*Source material*
^^^^^^^^

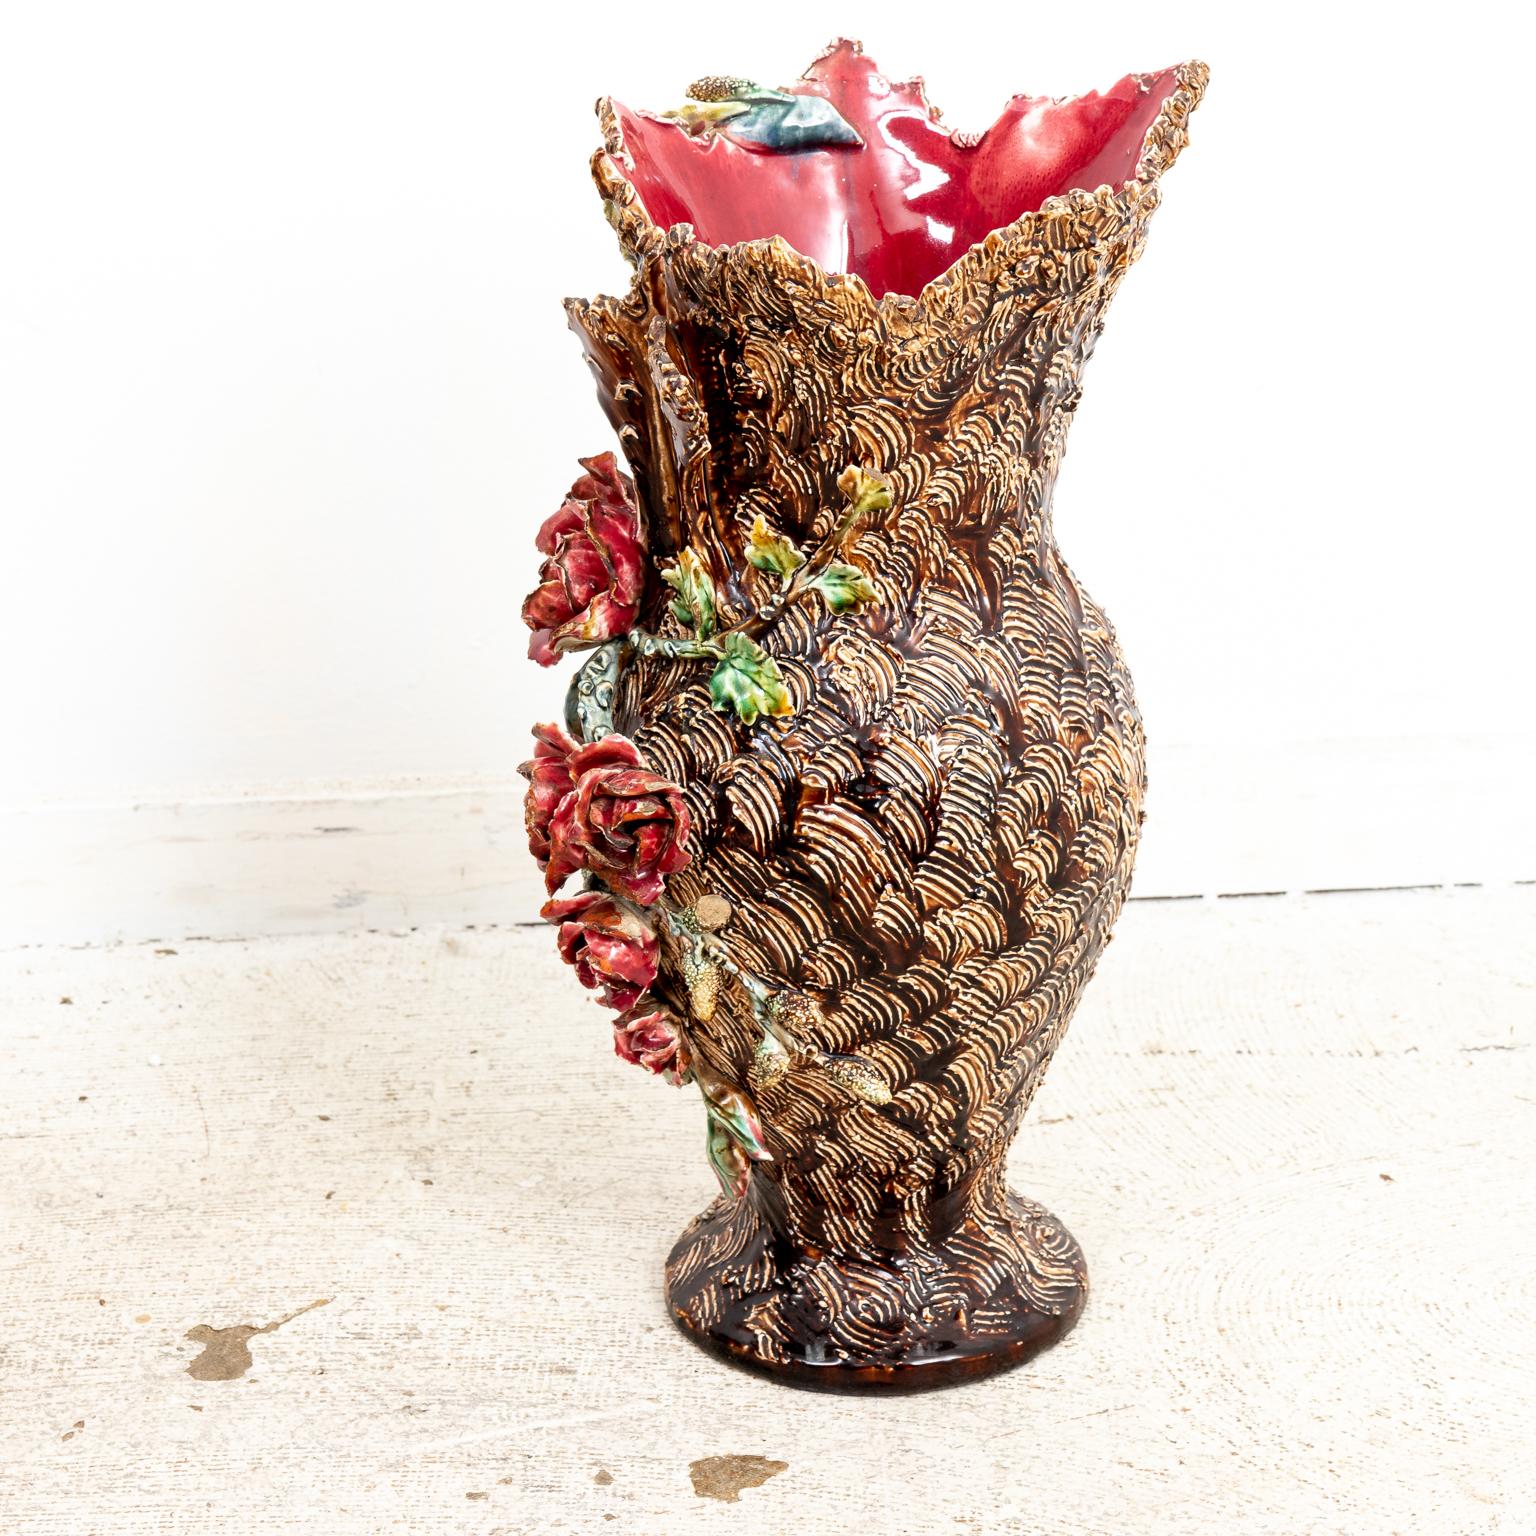 Paire de vases Barbotine en majolique, datant des années 1880, ornés de fleurs de rose avec des poignées en forme de feuille sur un fond brun ressemblant à de l'écorce d'arbre et des feuilles. Ces vases ont été fabriqués au XIXe siècle. Fabriqué en
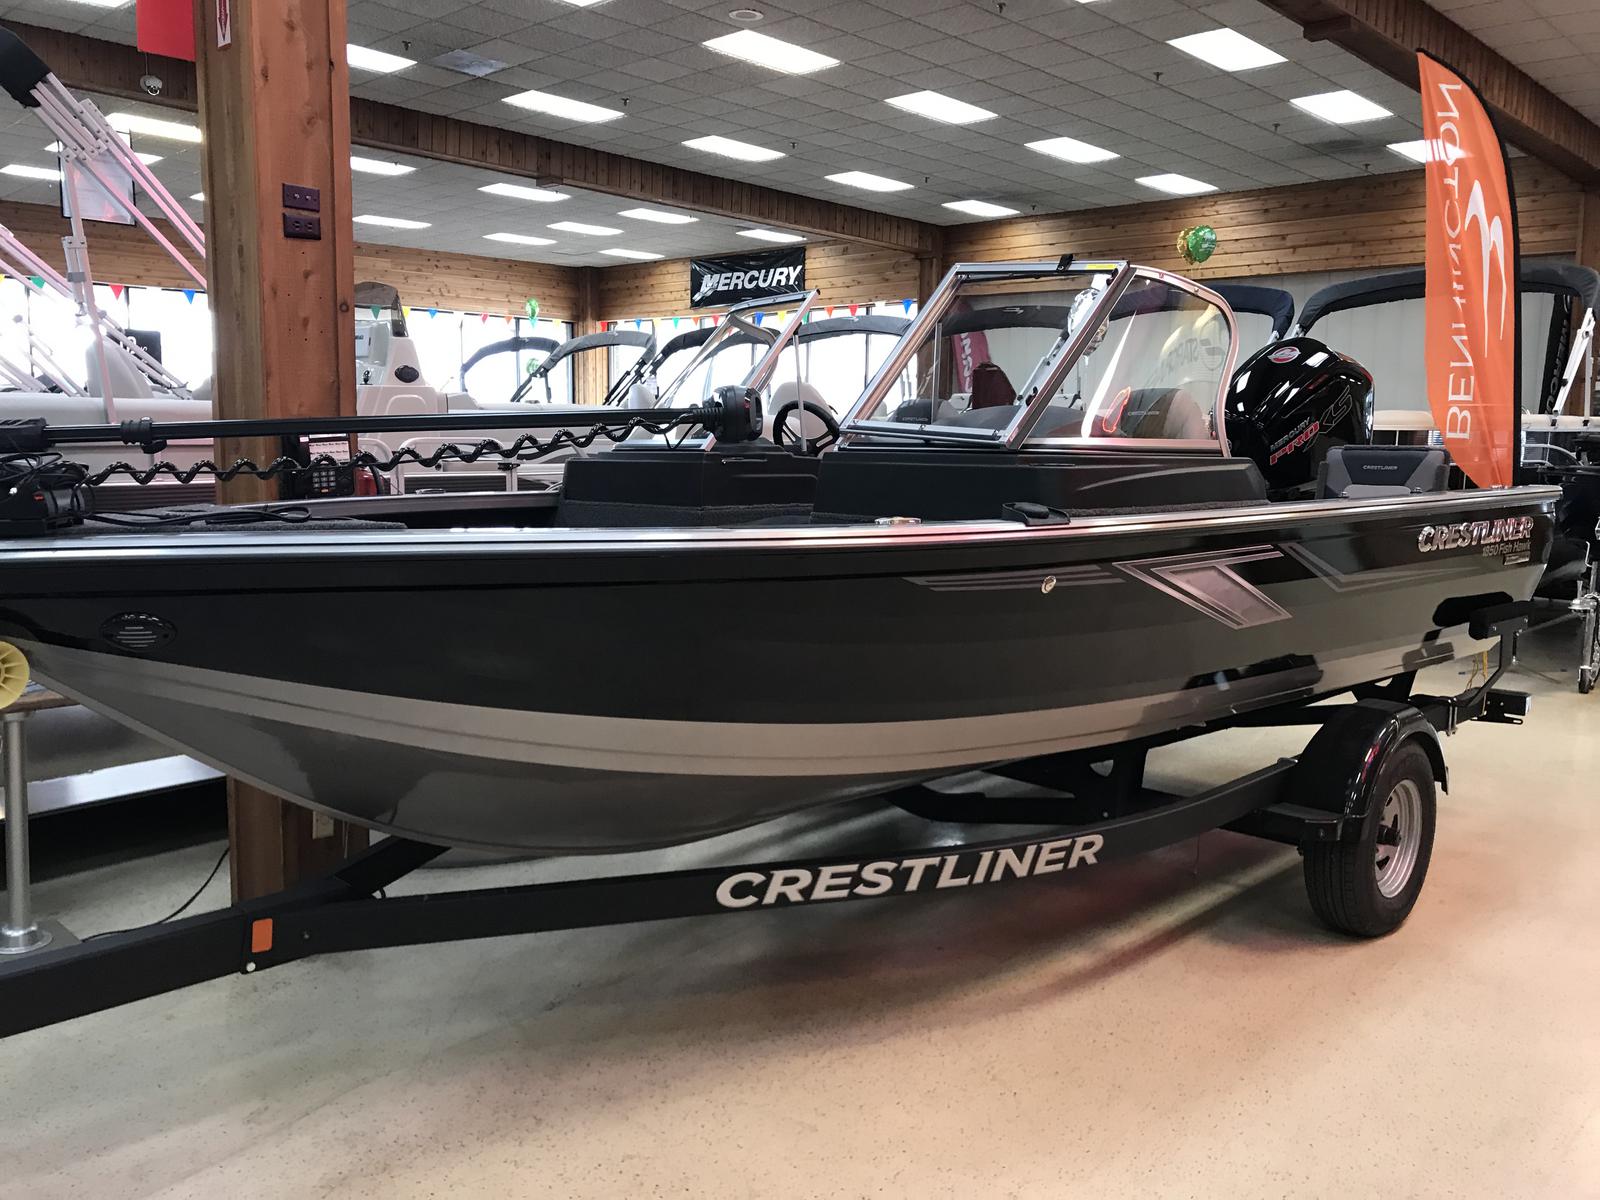 Crestliner 1850 Fish Hawk boats for sale
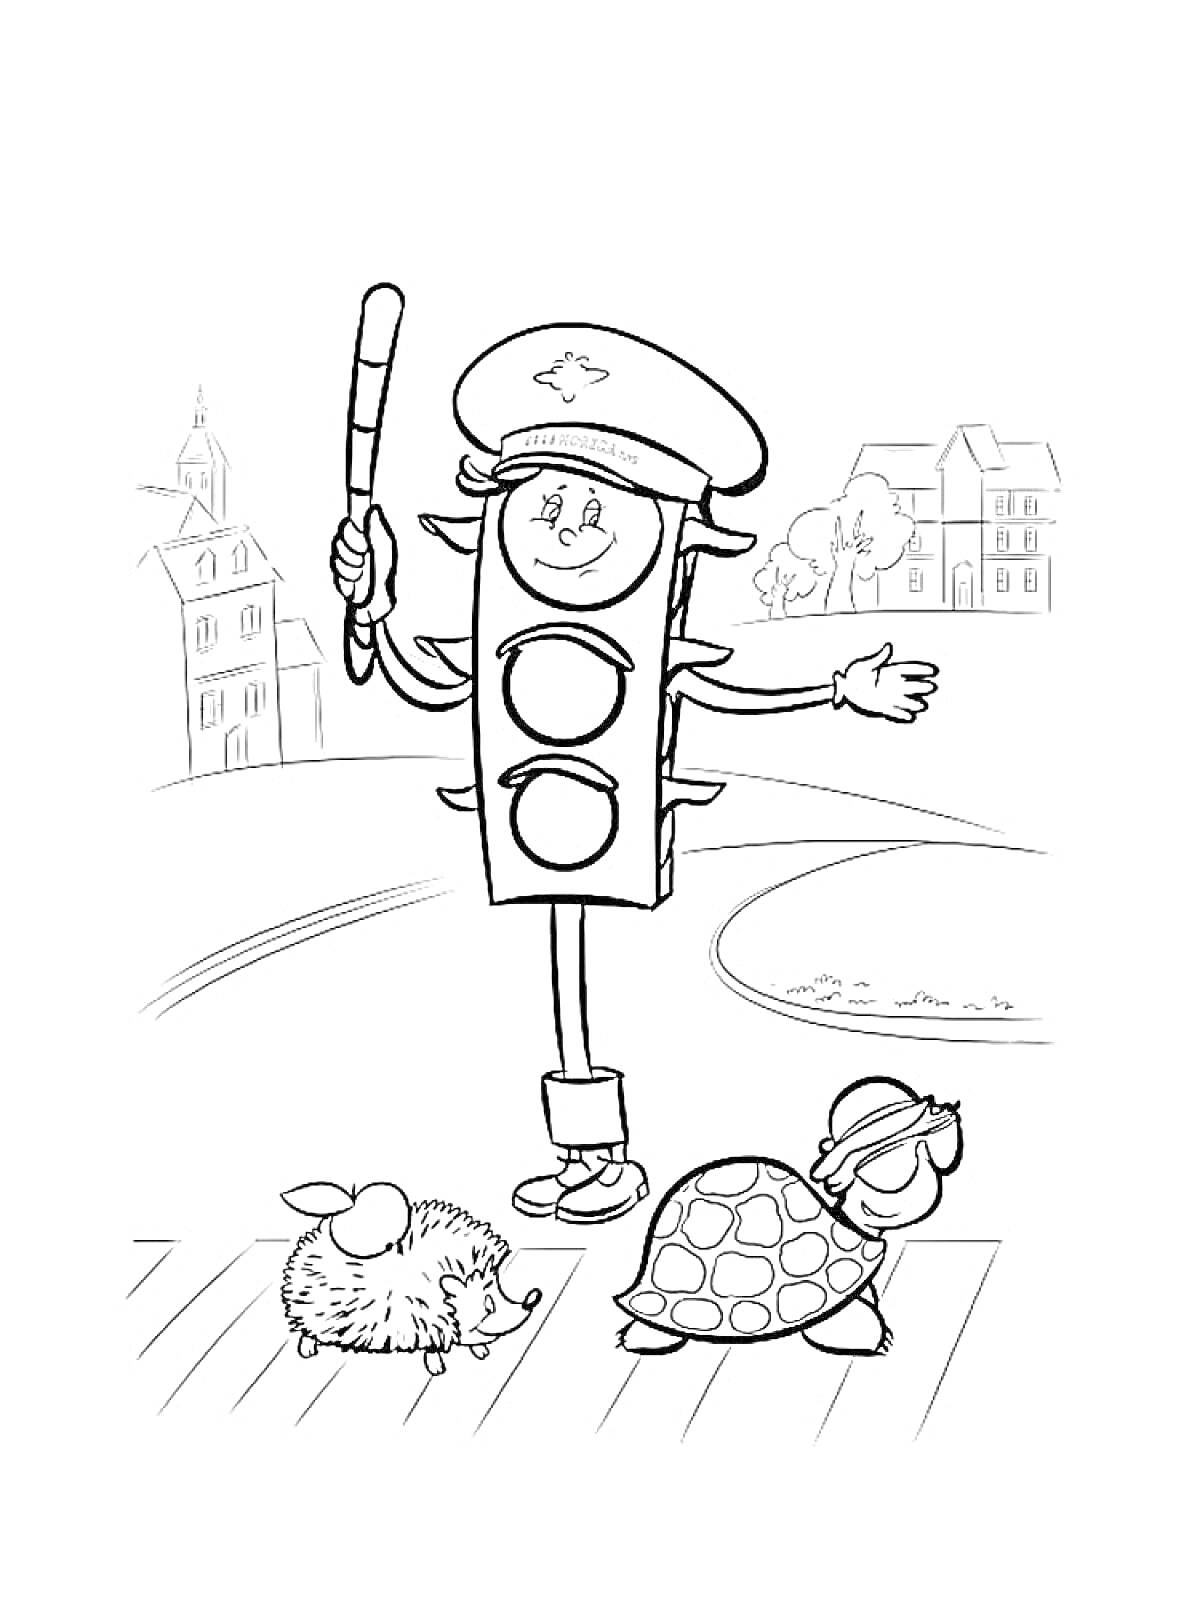 Раскраска Светофор с жезлом, переходящие дорогу еж и черепаха, дома на заднем плане

^^^^^^^^

Without any pictures, repeat the listing exactly.

 Paire de vases Barbotine en majolique, datant des années 1880, ornés de fleurs de rose avec des poignées en forme de feuille sur un fond brun ressemblant à de l'écorce d'arbre et des feuilles. Ces vases ont été fabriqués au XIXe siècle. Fabriqué en
 Crestliner 1850 Fish Hawk boats for sale
 Раскраска Светофор с жезлом, переходящие дорогу еж и черепаха, дома на заднем плане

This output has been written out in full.